Нет, со мной совершенно все в порядке, это Санек что-то напутал — с перепоя или от внезапного счастья. Однако происходящее нравилось мне все меньше и меньше. Я снова набрала номер Серафима, и при первых звуках любезного женского голоса раскатисто произнесла:
— Аррната иверра, громаххе симма тассе!
Ярослав-Богдан немедленно выглянул в гостиную:
— Ты там поосторожнее с магическими заклинаниями!
— Будь спокоен, это не заклинания. Это ругательства.
— Тогда можешь продолжать.
С кухни доносился оживленный спор. Санек с ходу включился в тему и давал достойный отпор Ярославу-Богдану. Тема была животрепещущая — проблема реализма в искусстве. Обсуждали какую-то книжку.
— Бароны-драконы! — ярился Ярослав-Богдан. — Минимальная связь с реальной жизнью! Типичный пример эскапизма! Автору недалеко до тех ряженых придурков с ведрами на головах, которые боятся жизни и, здоровые мужики, бегают по лесам, машут палками и называют друг друга непроизносимыми словами!
— Смотря что считать реальной жизнью, — заметил Санек. — По каким признакам ты определяешь, что реально, а что нет?
Ярослав-Богдан начал было отвечать, но вопрос Санька оказался не требующей ответа преамбулой к следующему высказыванию:
— Мир вообще многомерен и включает в себя бесконечное число реальностей, — вещал Санек. — Точнее, реальность одна, но видим мы в каждый момент только ее один план, ну слой или составляющую. Поэтому нет никакой разницы между глюками, ряжеными и воображением… На каком-то плане все реально — одно не меньше другого. Есть давний спор, является мир детерминированным или нет, то есть существуют ли причинно-следственные связи… Я думаю, существуют. Только они сложные и многосоставные. Все связано со всем, и все зависит от всего. Если в одном месте что-то изменить, изменится и весь мир.
— Впрочем, верно и обратное. — Задумчивый голос явно принадлежал Огненноволосой.
Я почти видела, как она произнесла это, не отрываясь от чтения моих заметок. Это была единственная ее реплика.
Что касается Санька, подобные рассуждения были для него абсолютно нехарактерны. Я поначалу подумала, что он просто хочет позлить Ярослава-Богдана.
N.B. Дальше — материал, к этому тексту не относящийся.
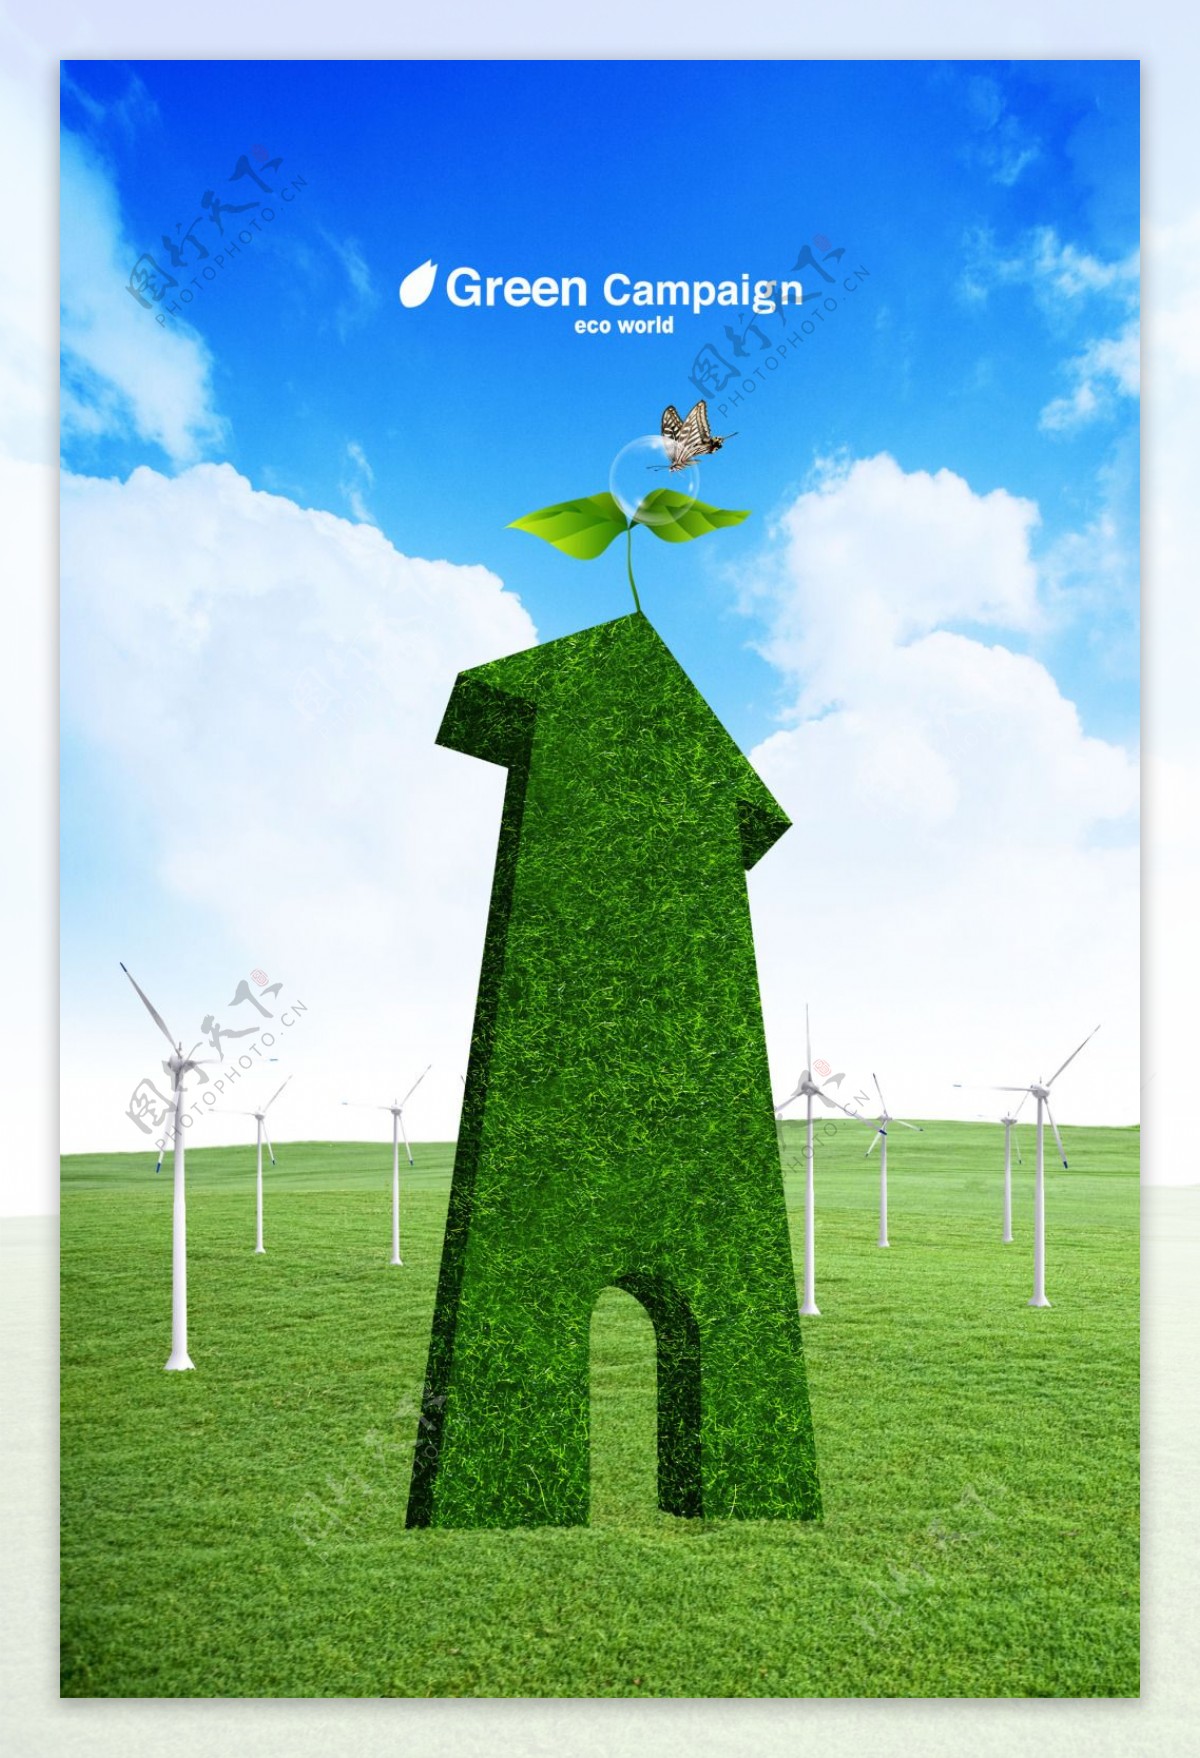 绿色环保创意背景图片素材免费下载 - 觅知网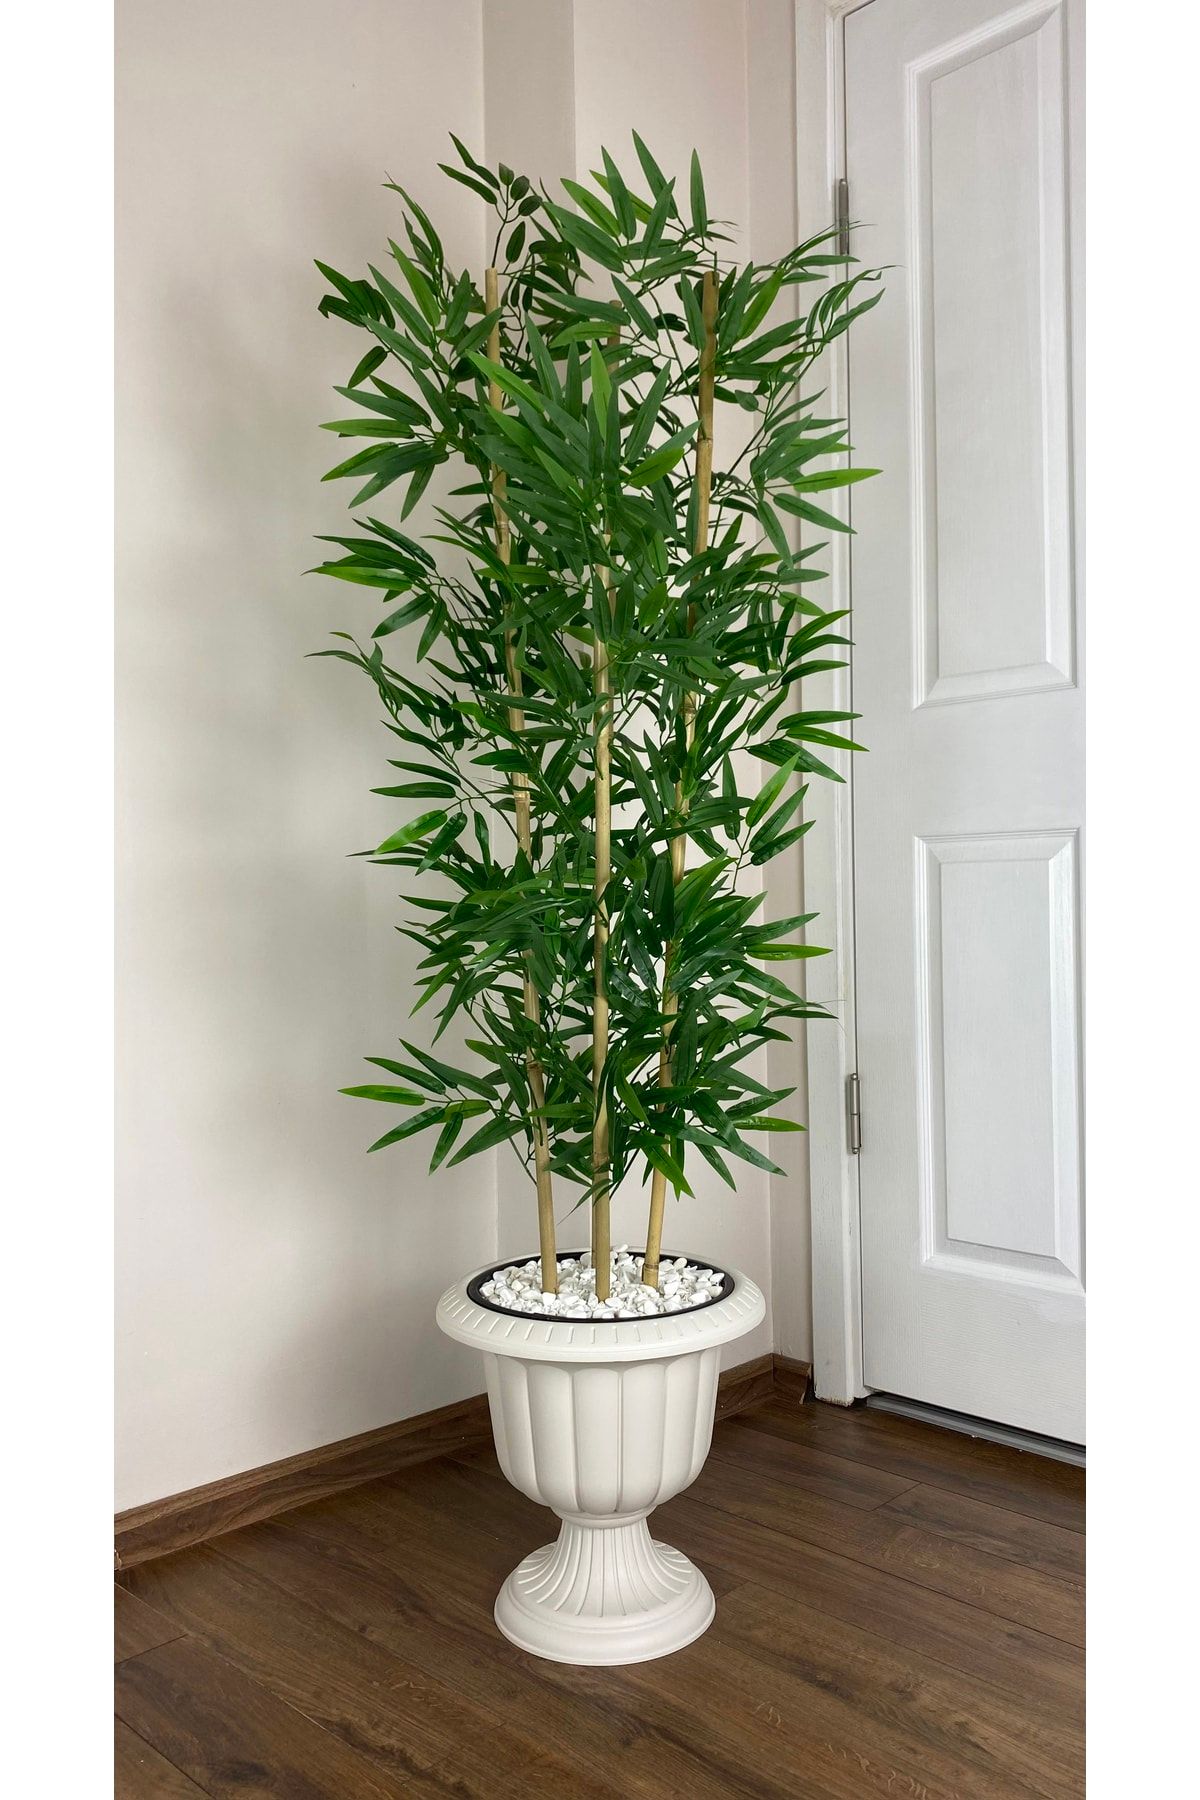 BİÇİÇEK Yapay Bambu Ağacı 170cm Yoğun Yapraklı Kırık Beyaz Renk Nergis Saksıda

Но говорил он совершенно искренне, оставалось только недоумевать, как он мог проникнуться чуждыми ему идеями за столь короткий срок.
Ярослав-Богдан, уязвленный тем, что пассажи Санька отодвигают его на второй план, ударился в многословную экзистенцию, и с кухни вышли заскучавшие казахи. Традиционные вопросы вроде: «А что ты здесь сидишь одна?» — вылились в неожиданно интересный разговор, в ходе которого Нурлан и Олан рассказали мне историю своих странствий. Полгода назад они выехали автостопом из Алма-Аты, направляясь в неопределенно-западном направлении без всякой, впрочем, цели. Документов у Нурлана не было вообще — он считал себя провозвестником новой эпохи, когда государство перестанет наконец шпионить за людьми, и заявлял, что, если каждый из нас в порядке саботажа откажется от документов, такая эпоха наступит гораздо быстрее. У Олана, сурового монгольского воина, документы наличествовали, и он составлял приятный контраст вдохновенно-безбашенному Нурлану. Длинная череда эпизодов автостопа, ночевок, случайных заработков и неожиданных встреч пронеслась перед моими глазами, вызвав неясную тоску оседлого человека по бродячей жизни, вольному ветру и отсутствию обязательств.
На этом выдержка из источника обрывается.